* _Problem requirements_: Reproduce exactly, and only, the lines of the material below running from the line bearing "Bitcoin (BTC) Outshining" through the line bearing "Los Angeles, California, USA.". Leave any pictures out.

* _Dataset excerpts_:
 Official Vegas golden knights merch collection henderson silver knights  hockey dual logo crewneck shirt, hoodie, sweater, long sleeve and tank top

...

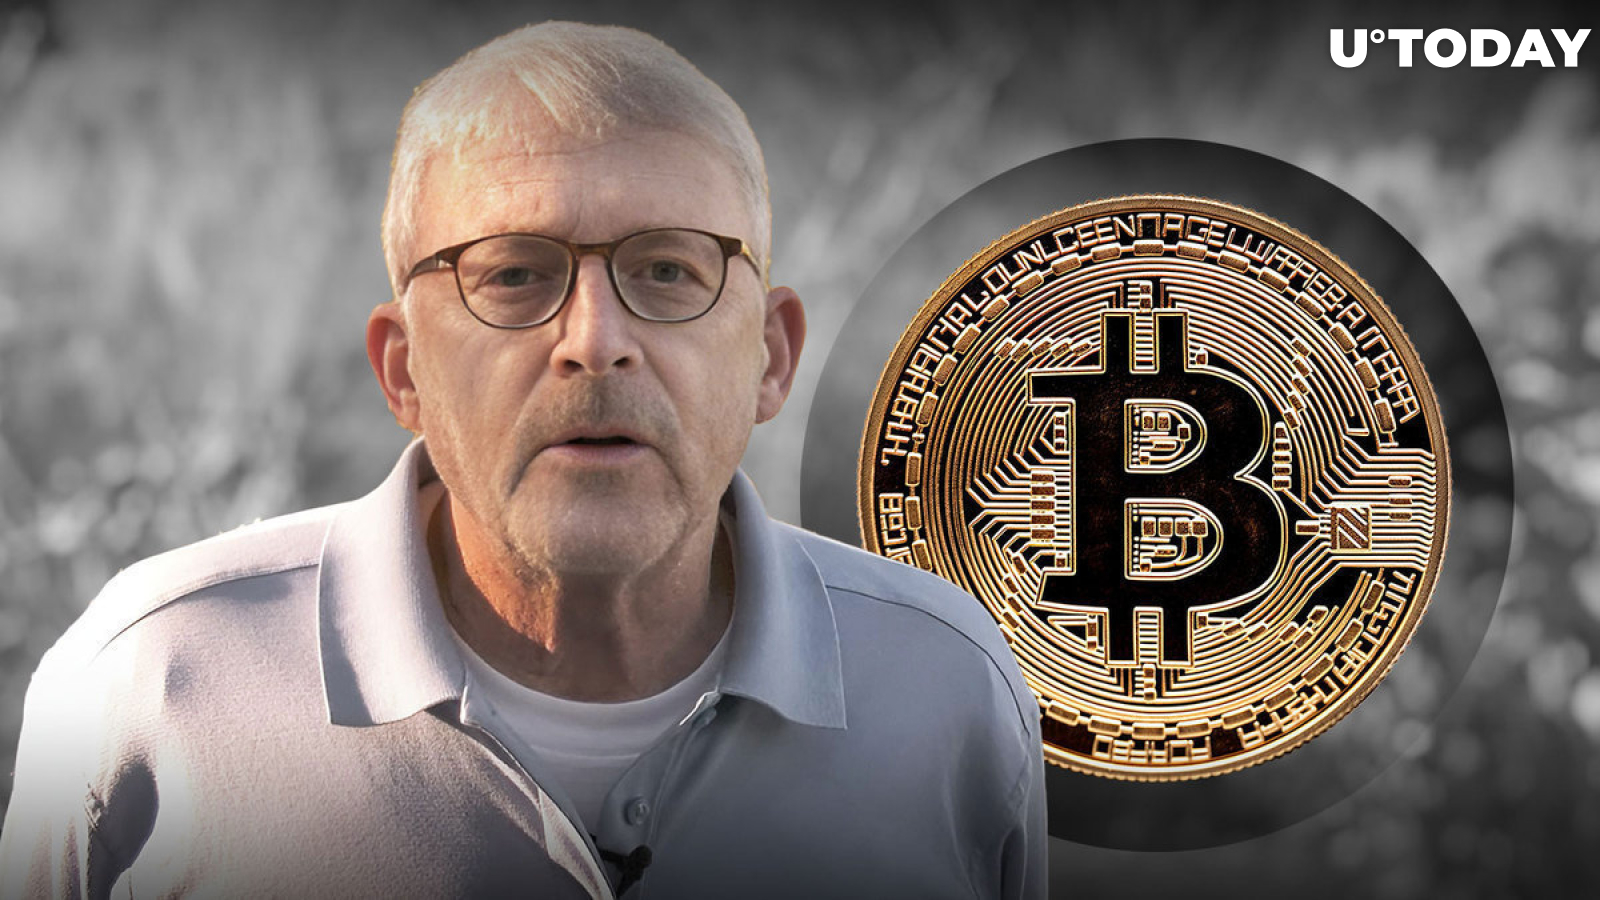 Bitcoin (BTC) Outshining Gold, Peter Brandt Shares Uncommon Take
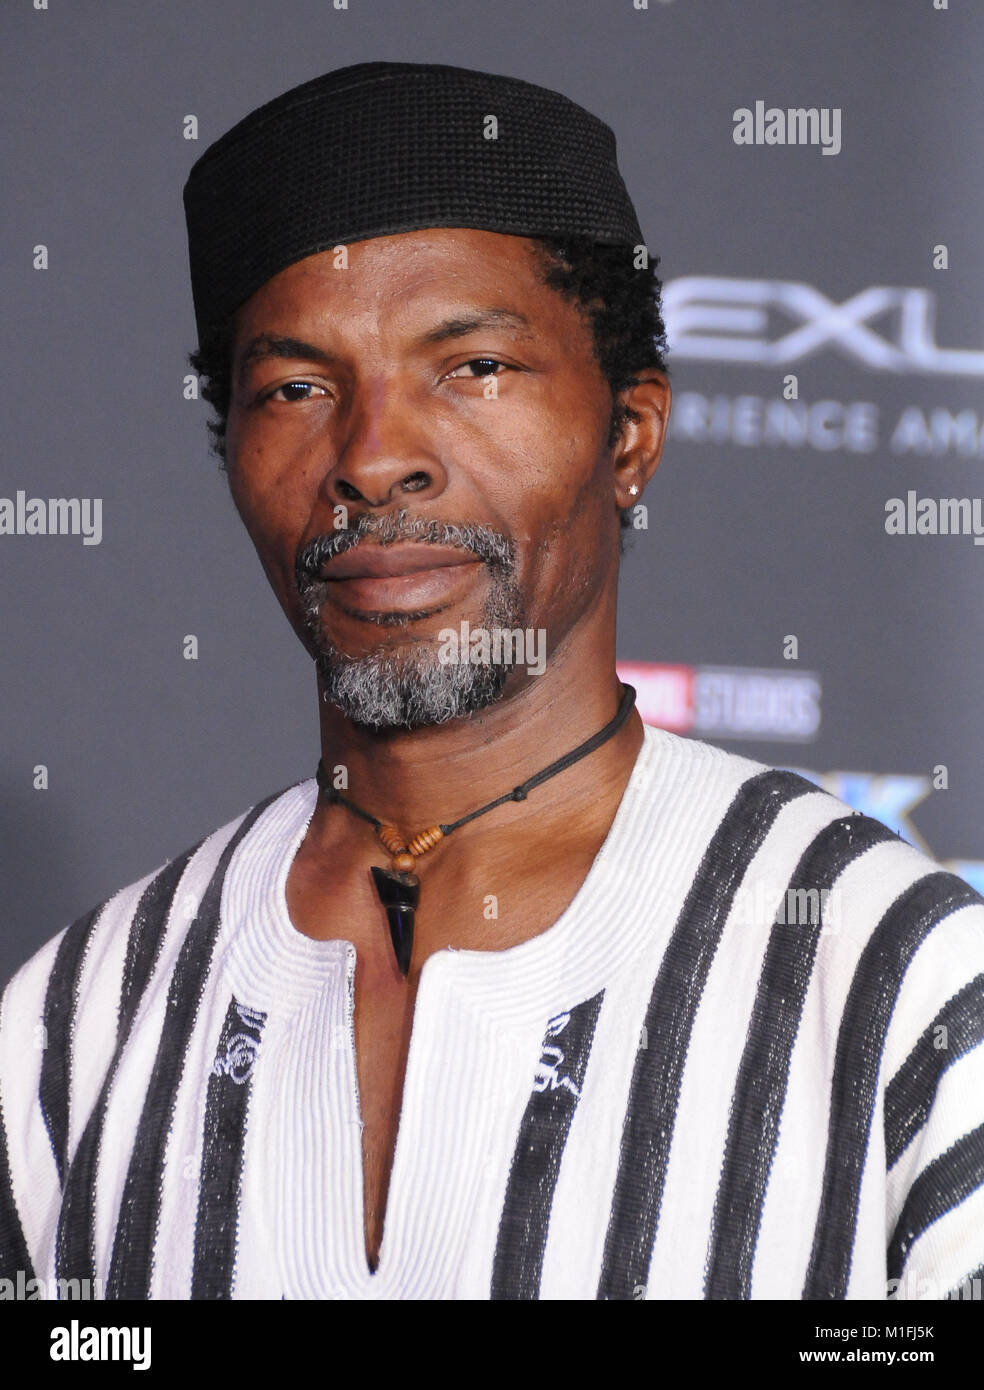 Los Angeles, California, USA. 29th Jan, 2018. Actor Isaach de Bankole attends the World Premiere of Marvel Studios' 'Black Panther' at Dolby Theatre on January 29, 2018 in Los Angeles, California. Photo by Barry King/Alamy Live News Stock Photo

* _Response for this exercise_:
 Bitcoin (BTC) Outshining Gold, Peter Brandt Shares Uncommon Take
 Los Angeles, California, USA. 29th Jan, 2018. Actor Isaach de Bankole attends the World Premiere of Marvel Studios' 'Black Panther' at Dolby Theatre on January 29, 2018 in Los Angeles, California. Photo by Barry King/Alamy Live News Stock Photo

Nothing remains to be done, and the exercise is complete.